Марафон состоял из 16 программ. Причём всё было составлено очень точно, с немецкой педантичностью: каждая программа длилась 58 минут, и две минуты – на перерыв, чтобы публика могла войти-выйти.
Я знал, что критическим для меня будет время между двенадцатым и тринадцатым часом. И на эту фазу максимальной усталости поставил произведения, которые не требуют больших физических усилий: хоралы, которые Бах писал ещё в детстве, – на этой программе можно было немного отдохнуть и прийти в тонус.
Хорошо помню, как шёл на этот концерт ранним субботним утром по спящему Дюссельдорфу. В 6:15 я вышел из гостиницы и увидел абсолютно пустой город.

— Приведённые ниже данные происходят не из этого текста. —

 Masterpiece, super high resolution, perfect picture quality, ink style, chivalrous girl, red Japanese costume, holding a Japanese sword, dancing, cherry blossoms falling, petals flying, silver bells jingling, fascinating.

И вдруг слышу, кто-то бежит. Причём не в трусах и майке, а в хорошем костюме. И забегает в церковь, где будет моё выступление. «Хорошо, один слушатель у меня уже есть», – отметил я. А потом, когда я уже поднялся к пульту и посмотрел вниз, то увидел, что там было уже человек пятьдесят...

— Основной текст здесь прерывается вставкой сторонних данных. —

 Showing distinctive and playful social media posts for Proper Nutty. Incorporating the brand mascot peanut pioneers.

– Александр Владимирович, и всё-таки в чём была основная мотивация, когда вы принимали решение участвовать в этом марафоне?
– Когда я решил исполнить этот цикл, то его целью, естественно, было не попадание в Книгу рекордов. Мне думалось, что когда я буду готовить и играть произведения Баха, то открою в них новые грани. И открыл.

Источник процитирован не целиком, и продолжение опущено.